Problem to solve: An exact copy is required of every line from the one with "Luftaufnahme von Teneriffa, Spanien" through the end of the data below, and the pictures must stay out of it.

[Given material]

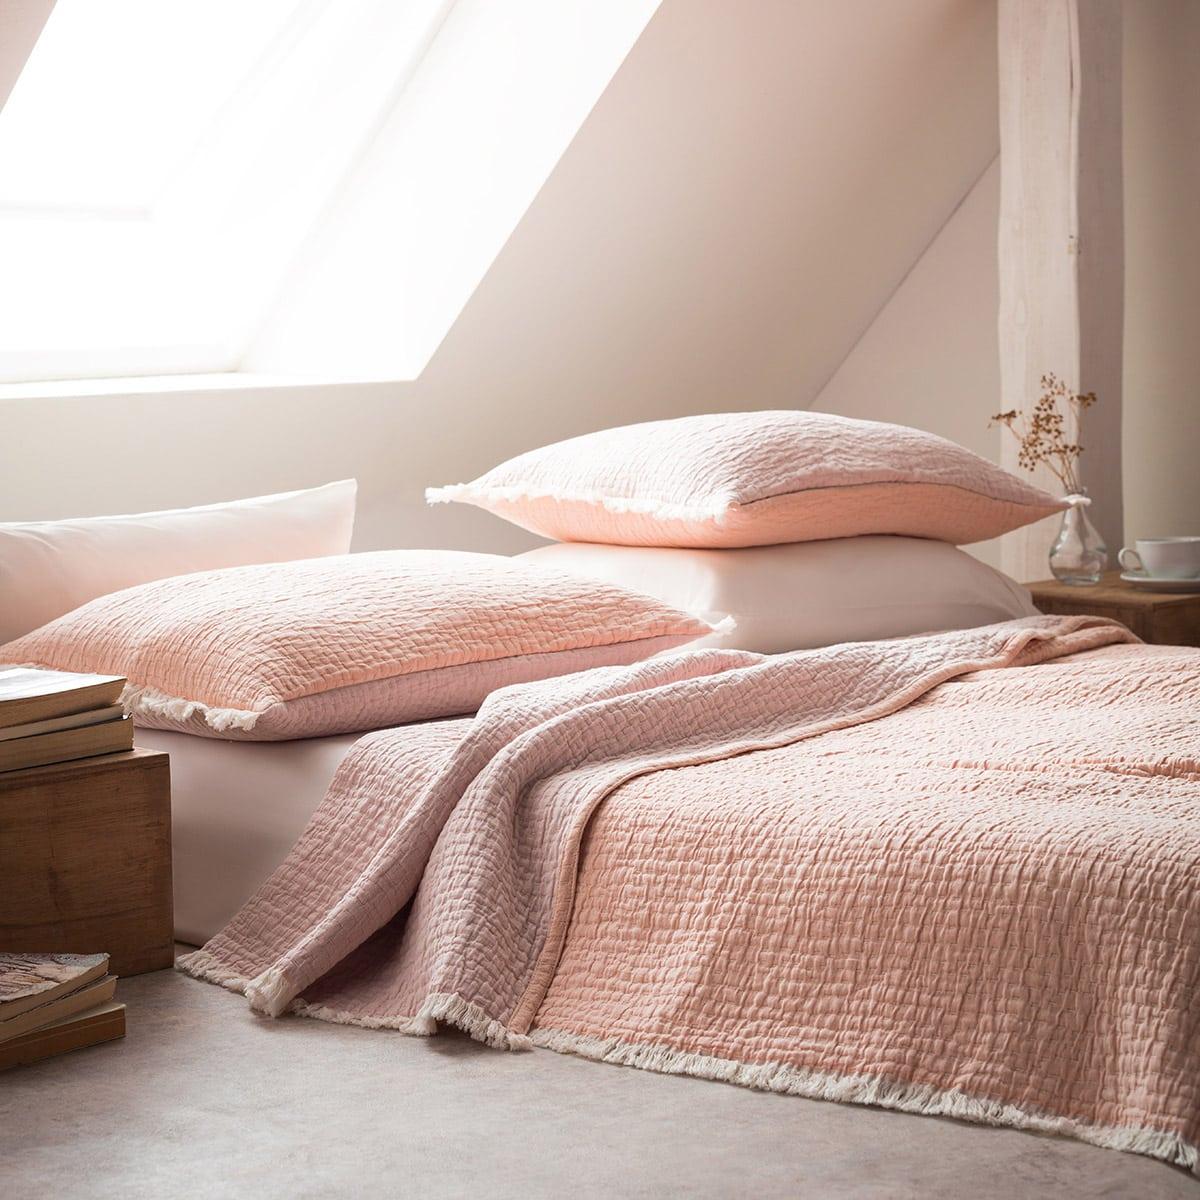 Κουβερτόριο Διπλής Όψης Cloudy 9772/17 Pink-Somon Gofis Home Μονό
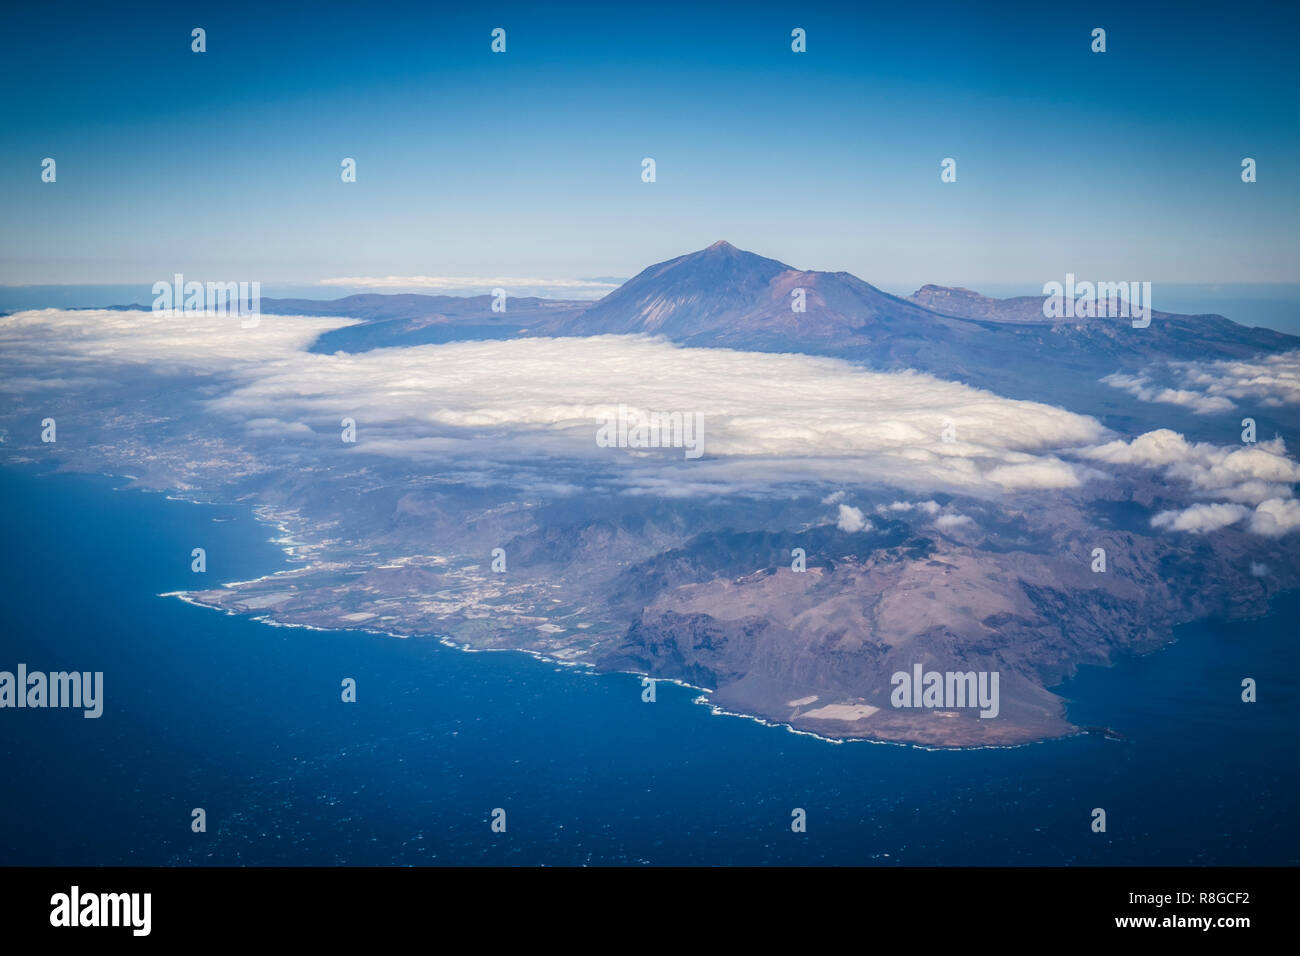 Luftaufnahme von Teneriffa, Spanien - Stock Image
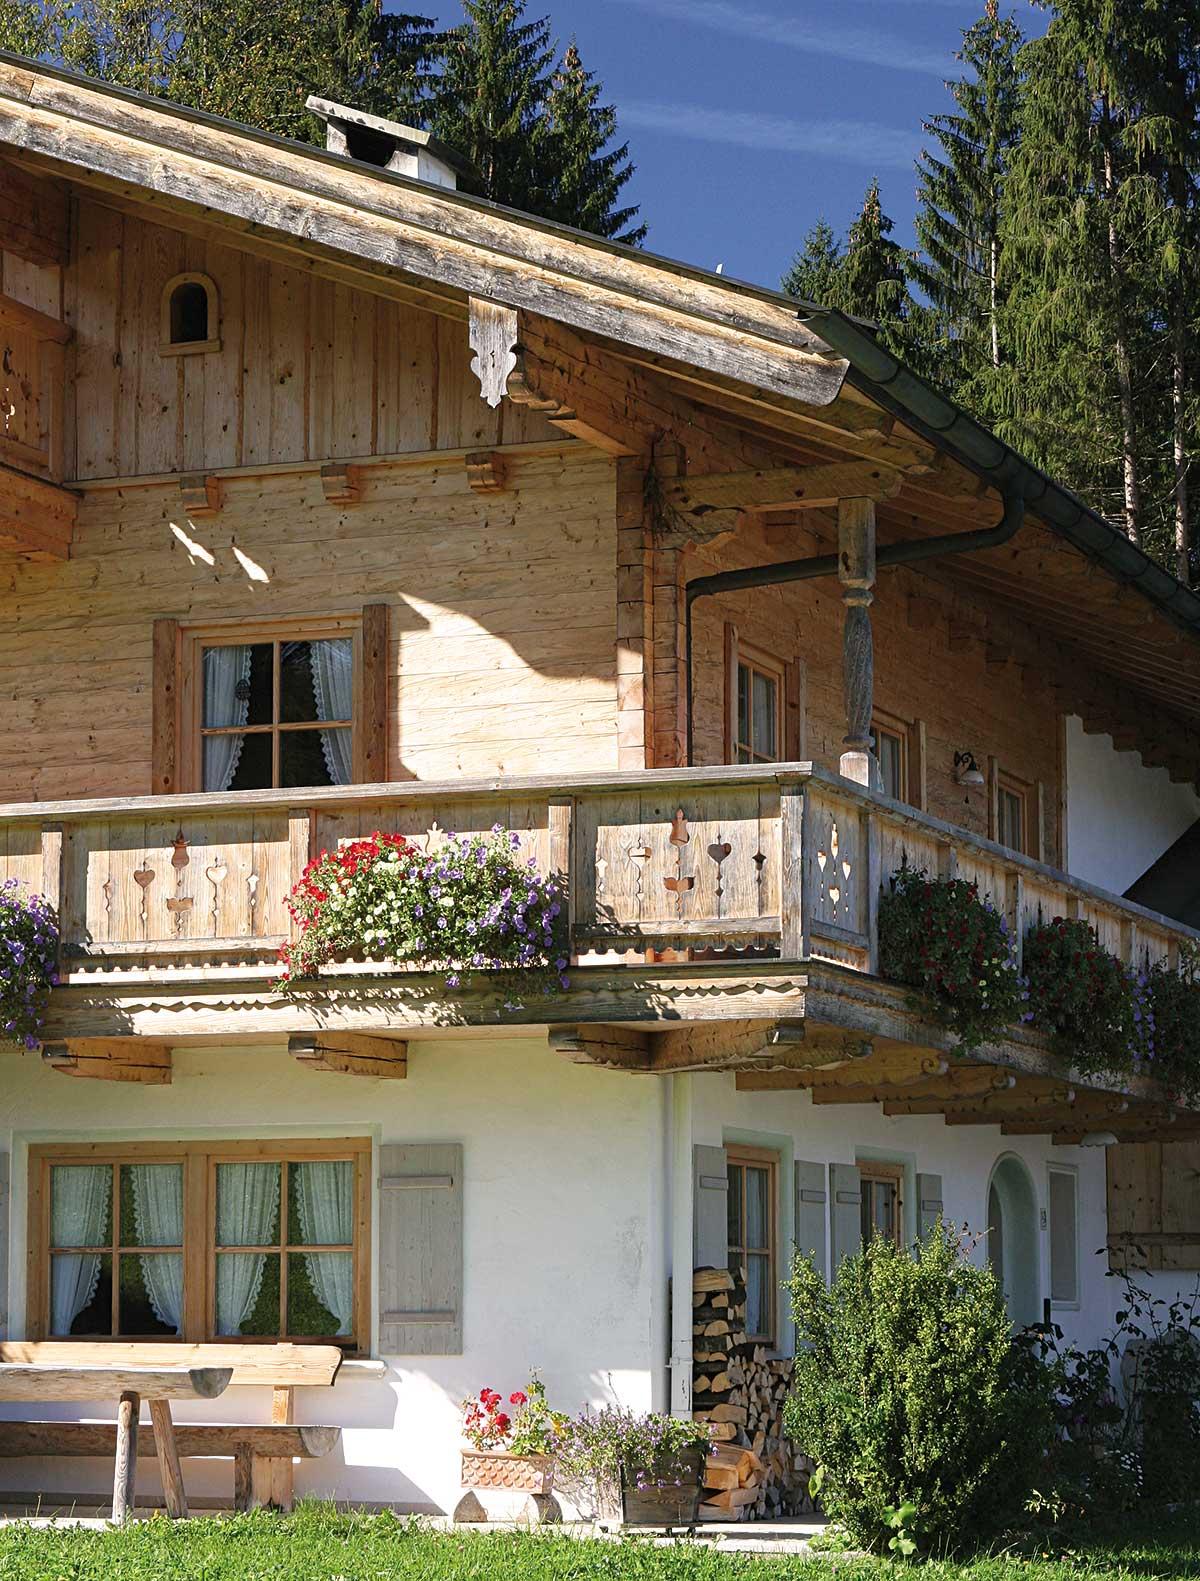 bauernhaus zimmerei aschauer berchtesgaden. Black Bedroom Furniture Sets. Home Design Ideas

[/Given material]

Expected answer:
 Luftaufnahme von Teneriffa, Spanien - Stock Image
 bauernhaus zimmerei aschauer berchtesgaden. Black Bedroom Furniture Sets. Home Design Ideas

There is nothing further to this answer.